■ About this task:
Your job is to copy every line in the material containing the word "Thanksgiving".

Start of Entries provided

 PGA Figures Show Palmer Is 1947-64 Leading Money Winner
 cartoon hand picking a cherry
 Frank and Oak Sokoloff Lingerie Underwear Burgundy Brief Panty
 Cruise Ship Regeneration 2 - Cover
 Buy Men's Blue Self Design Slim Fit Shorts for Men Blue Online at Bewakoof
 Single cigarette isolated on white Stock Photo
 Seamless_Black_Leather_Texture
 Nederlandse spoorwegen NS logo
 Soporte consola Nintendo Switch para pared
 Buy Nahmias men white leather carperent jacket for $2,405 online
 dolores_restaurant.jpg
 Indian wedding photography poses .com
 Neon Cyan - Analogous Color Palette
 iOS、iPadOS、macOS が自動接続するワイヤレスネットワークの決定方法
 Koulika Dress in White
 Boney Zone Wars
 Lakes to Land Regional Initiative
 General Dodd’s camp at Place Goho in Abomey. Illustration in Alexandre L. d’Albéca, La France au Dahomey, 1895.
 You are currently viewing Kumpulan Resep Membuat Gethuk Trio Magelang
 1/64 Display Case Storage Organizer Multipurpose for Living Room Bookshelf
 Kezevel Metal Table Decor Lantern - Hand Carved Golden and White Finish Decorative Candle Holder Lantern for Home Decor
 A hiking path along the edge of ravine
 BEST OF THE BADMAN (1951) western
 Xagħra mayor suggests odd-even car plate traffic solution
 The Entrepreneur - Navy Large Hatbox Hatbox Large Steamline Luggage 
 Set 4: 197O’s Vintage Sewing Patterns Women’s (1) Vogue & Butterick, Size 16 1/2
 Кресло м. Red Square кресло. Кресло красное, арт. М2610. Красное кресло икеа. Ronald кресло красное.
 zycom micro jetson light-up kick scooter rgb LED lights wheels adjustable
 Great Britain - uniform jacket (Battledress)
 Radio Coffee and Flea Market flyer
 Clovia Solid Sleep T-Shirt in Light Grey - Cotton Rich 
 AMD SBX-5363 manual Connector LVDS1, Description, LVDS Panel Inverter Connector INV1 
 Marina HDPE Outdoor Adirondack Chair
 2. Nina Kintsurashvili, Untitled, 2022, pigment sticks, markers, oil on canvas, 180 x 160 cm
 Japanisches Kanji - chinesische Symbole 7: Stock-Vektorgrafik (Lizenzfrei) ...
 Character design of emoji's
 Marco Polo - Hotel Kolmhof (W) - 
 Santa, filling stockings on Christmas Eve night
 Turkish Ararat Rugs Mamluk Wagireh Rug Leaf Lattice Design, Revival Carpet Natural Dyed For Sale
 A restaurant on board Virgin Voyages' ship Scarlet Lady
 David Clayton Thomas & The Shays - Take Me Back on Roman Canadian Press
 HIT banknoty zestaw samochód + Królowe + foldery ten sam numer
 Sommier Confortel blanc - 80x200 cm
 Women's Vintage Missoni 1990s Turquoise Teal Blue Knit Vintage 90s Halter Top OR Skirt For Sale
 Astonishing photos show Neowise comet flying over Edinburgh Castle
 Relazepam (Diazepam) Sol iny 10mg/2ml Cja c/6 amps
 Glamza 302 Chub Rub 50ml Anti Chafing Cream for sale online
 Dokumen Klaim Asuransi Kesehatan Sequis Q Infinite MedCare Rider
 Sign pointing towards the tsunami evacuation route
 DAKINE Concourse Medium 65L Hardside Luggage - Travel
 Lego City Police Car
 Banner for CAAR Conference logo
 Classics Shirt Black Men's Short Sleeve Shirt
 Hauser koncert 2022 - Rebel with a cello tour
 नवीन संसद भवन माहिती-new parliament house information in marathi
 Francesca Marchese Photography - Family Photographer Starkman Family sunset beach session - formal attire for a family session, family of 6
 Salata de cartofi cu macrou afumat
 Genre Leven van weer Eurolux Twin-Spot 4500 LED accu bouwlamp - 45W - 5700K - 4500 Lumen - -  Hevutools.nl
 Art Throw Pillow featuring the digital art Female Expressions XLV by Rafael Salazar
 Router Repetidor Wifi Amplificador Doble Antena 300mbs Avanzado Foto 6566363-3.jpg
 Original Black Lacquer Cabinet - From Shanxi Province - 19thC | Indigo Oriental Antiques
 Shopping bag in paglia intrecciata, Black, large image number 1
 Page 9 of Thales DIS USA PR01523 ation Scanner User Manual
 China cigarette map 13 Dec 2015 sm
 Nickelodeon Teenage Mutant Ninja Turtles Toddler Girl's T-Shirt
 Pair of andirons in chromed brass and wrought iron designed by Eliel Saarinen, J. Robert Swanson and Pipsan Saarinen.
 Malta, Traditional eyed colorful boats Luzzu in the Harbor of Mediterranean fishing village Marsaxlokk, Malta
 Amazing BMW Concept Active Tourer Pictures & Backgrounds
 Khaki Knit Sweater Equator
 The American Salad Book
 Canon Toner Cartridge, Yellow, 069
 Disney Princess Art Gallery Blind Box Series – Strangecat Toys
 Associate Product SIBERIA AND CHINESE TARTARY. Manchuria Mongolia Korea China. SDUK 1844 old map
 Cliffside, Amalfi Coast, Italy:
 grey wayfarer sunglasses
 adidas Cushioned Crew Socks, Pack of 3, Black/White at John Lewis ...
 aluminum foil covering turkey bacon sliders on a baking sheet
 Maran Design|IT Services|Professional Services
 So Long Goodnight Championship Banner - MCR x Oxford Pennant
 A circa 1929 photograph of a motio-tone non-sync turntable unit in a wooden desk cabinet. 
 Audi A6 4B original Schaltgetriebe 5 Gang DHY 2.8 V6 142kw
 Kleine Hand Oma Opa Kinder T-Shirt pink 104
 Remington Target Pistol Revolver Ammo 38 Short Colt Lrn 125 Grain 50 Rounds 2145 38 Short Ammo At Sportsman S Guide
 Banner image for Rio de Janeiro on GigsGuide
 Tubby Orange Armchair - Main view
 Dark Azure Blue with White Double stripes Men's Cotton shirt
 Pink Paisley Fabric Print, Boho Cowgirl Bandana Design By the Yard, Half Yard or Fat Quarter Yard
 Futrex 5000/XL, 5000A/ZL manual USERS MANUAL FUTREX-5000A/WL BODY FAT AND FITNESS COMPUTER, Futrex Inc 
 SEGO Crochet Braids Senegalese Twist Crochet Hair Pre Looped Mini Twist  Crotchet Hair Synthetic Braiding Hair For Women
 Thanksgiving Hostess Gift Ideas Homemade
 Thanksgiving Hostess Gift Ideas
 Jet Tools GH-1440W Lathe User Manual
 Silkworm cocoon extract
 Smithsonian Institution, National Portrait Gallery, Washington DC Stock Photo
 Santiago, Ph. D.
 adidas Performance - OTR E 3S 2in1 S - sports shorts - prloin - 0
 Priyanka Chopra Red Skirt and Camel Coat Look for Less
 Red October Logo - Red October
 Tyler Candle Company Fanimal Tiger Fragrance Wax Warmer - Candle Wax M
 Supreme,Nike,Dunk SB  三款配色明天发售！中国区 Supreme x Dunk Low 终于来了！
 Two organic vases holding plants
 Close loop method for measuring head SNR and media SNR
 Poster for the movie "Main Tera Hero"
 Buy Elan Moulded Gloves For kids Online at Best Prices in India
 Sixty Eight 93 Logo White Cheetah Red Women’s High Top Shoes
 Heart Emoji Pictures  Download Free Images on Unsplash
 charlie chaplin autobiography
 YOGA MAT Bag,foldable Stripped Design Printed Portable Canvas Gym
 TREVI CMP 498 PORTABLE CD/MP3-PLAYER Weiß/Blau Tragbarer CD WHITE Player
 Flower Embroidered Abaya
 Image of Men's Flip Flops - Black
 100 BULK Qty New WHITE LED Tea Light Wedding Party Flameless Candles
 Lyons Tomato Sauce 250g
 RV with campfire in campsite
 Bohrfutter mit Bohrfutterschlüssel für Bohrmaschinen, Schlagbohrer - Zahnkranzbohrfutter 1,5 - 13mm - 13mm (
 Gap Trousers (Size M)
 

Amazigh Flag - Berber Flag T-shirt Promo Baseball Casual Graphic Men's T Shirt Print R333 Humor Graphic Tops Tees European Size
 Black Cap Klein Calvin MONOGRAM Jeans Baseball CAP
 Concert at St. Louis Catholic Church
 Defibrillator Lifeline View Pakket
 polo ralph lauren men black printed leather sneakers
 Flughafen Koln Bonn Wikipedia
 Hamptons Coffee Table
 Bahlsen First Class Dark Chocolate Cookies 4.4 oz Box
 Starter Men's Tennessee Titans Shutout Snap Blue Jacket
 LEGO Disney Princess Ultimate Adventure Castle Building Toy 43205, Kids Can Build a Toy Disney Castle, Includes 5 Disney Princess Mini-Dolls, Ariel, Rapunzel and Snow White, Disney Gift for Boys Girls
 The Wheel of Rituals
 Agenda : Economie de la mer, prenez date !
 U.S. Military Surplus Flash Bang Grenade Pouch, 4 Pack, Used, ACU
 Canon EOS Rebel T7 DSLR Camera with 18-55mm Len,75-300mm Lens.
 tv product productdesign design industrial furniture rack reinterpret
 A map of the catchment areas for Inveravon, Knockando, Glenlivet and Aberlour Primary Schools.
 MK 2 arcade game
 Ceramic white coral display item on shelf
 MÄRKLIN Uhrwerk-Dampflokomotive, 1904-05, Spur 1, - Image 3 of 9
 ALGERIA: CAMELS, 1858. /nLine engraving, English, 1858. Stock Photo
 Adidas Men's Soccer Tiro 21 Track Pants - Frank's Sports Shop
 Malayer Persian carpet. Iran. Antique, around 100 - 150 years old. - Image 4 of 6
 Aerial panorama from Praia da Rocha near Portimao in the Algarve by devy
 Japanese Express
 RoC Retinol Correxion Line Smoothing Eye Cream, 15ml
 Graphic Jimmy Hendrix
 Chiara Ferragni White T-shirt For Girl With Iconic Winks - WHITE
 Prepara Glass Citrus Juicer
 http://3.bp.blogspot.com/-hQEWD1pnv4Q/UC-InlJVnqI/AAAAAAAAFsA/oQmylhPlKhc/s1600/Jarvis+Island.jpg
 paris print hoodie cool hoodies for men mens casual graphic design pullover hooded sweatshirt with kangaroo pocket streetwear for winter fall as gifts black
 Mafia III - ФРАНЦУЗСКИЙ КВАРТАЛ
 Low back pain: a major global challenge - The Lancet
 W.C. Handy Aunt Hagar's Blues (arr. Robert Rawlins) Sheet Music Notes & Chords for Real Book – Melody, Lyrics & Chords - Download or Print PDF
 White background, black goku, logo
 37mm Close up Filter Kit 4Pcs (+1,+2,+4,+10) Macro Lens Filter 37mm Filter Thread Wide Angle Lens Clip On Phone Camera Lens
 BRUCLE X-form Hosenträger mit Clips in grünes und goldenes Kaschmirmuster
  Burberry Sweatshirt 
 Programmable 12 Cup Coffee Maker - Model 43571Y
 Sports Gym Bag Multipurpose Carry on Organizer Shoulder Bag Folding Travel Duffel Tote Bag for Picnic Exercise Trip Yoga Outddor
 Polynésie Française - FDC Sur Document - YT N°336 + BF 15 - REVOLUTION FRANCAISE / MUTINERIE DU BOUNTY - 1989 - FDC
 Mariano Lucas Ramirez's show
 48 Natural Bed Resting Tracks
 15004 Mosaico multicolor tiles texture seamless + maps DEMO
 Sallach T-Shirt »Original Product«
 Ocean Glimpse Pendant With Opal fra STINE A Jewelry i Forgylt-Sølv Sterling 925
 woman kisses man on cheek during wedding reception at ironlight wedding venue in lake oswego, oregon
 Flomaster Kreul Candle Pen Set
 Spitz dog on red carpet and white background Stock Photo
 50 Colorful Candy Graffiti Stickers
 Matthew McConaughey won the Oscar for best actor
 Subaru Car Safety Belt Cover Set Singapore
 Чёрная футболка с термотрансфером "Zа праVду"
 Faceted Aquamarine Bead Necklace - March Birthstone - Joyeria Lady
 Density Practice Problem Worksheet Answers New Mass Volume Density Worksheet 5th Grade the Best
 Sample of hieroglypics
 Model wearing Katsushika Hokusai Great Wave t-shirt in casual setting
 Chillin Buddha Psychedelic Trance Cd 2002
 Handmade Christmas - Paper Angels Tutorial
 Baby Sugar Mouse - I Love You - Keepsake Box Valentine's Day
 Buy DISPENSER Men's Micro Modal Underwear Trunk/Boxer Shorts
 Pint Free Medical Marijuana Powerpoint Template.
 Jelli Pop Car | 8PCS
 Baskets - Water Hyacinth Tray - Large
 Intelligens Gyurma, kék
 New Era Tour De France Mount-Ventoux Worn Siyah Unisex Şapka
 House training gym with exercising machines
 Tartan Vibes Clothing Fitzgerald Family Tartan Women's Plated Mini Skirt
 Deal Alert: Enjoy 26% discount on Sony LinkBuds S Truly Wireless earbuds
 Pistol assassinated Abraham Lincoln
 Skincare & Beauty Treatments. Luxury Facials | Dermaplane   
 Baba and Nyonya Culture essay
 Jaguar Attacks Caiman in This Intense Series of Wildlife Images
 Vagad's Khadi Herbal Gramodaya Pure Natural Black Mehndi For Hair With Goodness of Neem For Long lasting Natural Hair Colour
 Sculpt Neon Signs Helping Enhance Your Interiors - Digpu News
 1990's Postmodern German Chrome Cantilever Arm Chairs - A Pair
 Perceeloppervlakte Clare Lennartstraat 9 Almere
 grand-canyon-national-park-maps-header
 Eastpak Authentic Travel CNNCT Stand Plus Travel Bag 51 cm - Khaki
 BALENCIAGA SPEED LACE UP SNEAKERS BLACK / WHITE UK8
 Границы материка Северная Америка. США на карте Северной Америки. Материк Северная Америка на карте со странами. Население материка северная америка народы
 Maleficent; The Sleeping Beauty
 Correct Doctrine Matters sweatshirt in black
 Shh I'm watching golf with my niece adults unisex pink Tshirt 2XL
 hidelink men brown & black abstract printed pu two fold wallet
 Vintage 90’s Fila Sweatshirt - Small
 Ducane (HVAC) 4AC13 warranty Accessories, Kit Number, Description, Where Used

End of Entries provided

■ Written reply:
 Thanksgiving Hostess Gift Ideas Homemade
 Thanksgiving Hostess Gift Ideas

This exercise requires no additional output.